# Eriocaulon plant questions



## bettaforu (Sep 6, 2009)

So I have 4 of the Eriocaulon Gioas and 4 of the Parkeri, I thought it was the other one cinereum but its parkeri.

See pics. They suffered a bit in the transit, but they seem to be sending up new leaves already, so I think I might have saved them...outer leaves are a bit brown at the ends.









Now my question is this...I have this plant growing in 2 spots, and I have NO idea what it is. I have dwarf vals in this tank and some blyxa, but I don't remember planting these 2. They are dense growths, thick together, and short leaves. Any ideas what they could be?

Its not blyxa, as I only got the blyxa after these were already growing in my tank.


----------



## Fishfur (Mar 4, 2012)

Dwarf sag maybe ? Looks kind of like it to me.


----------



## greg (Apr 29, 2012)

Fishfur said:


> Dwarf sag maybe ? Looks kind of like it to me.


+1 for Sagittaria subulata


----------



## Greg_o (Mar 4, 2010)

What kind of substrate is that? I've only had success with erios in deep, nutrient rich soil. That said they are popular in shrimp tanks so, it's a bit of a mixed message.


----------



## bettaforu (Sep 6, 2009)

OK so that's good as I like this plant.

Greg-o that's Aquasoil by Shultz, but also known as Turface (baseball diamond soil) Its a clay base soil which is good for low PH. I have it layered. 2 inchs on bottom, with fine Peat Moss layered on top, with montmorillionite clay on top of that, then another layer of Aquasoil.

My plants LOVE it. I have Co2 and mixed RO water in there with a 2 bulb
T5HO light over the top (on for 12 hours)

BTW...does this little plant stay little?
Karen, that's one of my Bamboo shrimps in the background with the yellow stripe down its back.


----------



## bettaforu (Sep 6, 2009)

So I noticed today that all of my Erios have new shoots coming up, so I guess they are settling in and liking their new home. I was worried they would melt completely after sitting for a week before I was able to pick them up...guess the cold temp helped them inside the box.

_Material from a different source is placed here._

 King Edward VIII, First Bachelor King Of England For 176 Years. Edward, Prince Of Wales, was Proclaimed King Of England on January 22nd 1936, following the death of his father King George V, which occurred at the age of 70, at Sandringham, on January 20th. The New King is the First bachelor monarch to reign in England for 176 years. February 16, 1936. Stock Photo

They were wrapped in wet tissue and inside a plastic ziplock and an insulated box. Out of the 10 I bought Ive only lost 2 and that was very small parkeri ones the gioas I have all 4 of them, and as I mentioned they have new green shoots coming up from the middle.

Im going to try to get a few more Erios species to try out as I like the look of this plant a lot.


----------



## manmadecorals (Jan 17, 2012)

Hey Anna! Awesome erios you got there  I just recently got into eriocaulons as well. I love them a lot as well and figured I just had to get some. Although only 2 erios really stood out for me. After a long and hard search, I was able to acquire some erio shiga (japan II) and erio blood vomit. I figured you might appreciate/enjoy some of these pictures from my collection


----------



## bettaforu (Sep 6, 2009)

Hiya, sorry didn't read my posts....

Yes I looked at that Blood Vomit too  looking with the red at the bottom. I thought maybe start with something a little less hard to keep. Got the Gioas and Parkeri from the US. They are all doing well, Gioas have put the flower stalks up, but Im clipping them back as that's what I read on a European forum that it makes the plant think its not time to die (which they do once they flower)

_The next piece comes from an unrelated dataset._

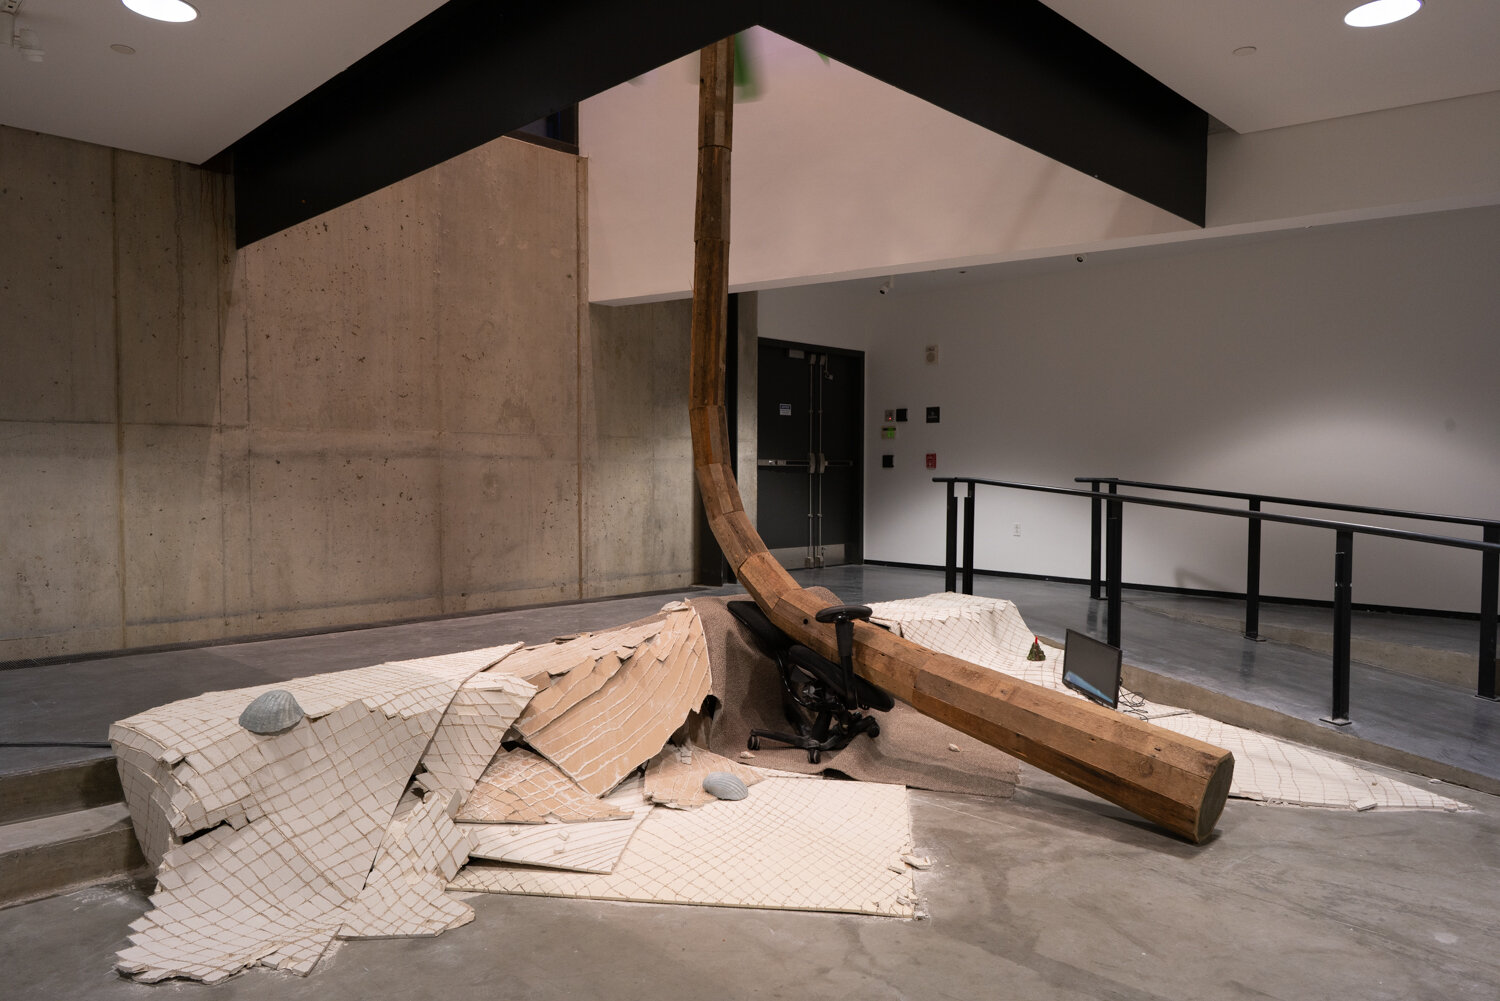  Alex Zak  Swamped , 2019 Sheet rock, plaster wrap, carpet, wood, steel, aluminum, paint, cement, sand, oven-bake clay,   office chair, modified ceiling fan, Monitor, Keyboard, aquarium volcano, red sharpie 192 x 204 x 196 inches (488 x 305 x 498 cm)

My Parkeri all have new shoots and they are twisting already (this is the one that looks all curly as it grows) 

I LOVE the Japan one  would love to have that one. Maybe once I manage to keep these alive and growing I will attempt that one.

Have always loved the look of these in tanks from Asia, so figured once I got
my plant tank stabilized and my lighting and co2 doing good I would try them out.

I can get my hands on some Australia too, so might go that route in a few weeks.


----------



## manmadecorals (Jan 17, 2012)

I just started the split my Erio Australia Red last night after i found it too large. Lets hope the plantlets do well  The more i can split and have the cheaper i can sell them for


----------



## bettaforu (Sep 6, 2009)

OK keep me in mind when you have some available.


----------



## manmadecorals (Jan 17, 2012)

Will do 

I also was able to split my Erio Shiga in 4 portions so i should be able to sell some shortly for cheaper than i had it on recently


----------



## bettaforu (Sep 6, 2009)

Im up for 2 of them.


----------



## manmadecorals (Jan 17, 2012)

Sounds good  they should he ready in a few weeks. I'll pm you when they are ready to be picked up


----------



## Sameer (Sep 30, 2007)

I see you have soft water then. Although Ive heard that soft water isnt that important as having co2, nutrients and the sort. How fast are the erios growing for you? Ive never tried these expensive species because of the whole "soft water" thing. Im really trying to get my hands on Syngonanthus "madeira". I wouldnt mind giving them a try if they werent so expensive.


----------



## manmadecorals (Jan 17, 2012)

They are growing are a decent rate. I should have an extra one for sale if Anna takes 2


----------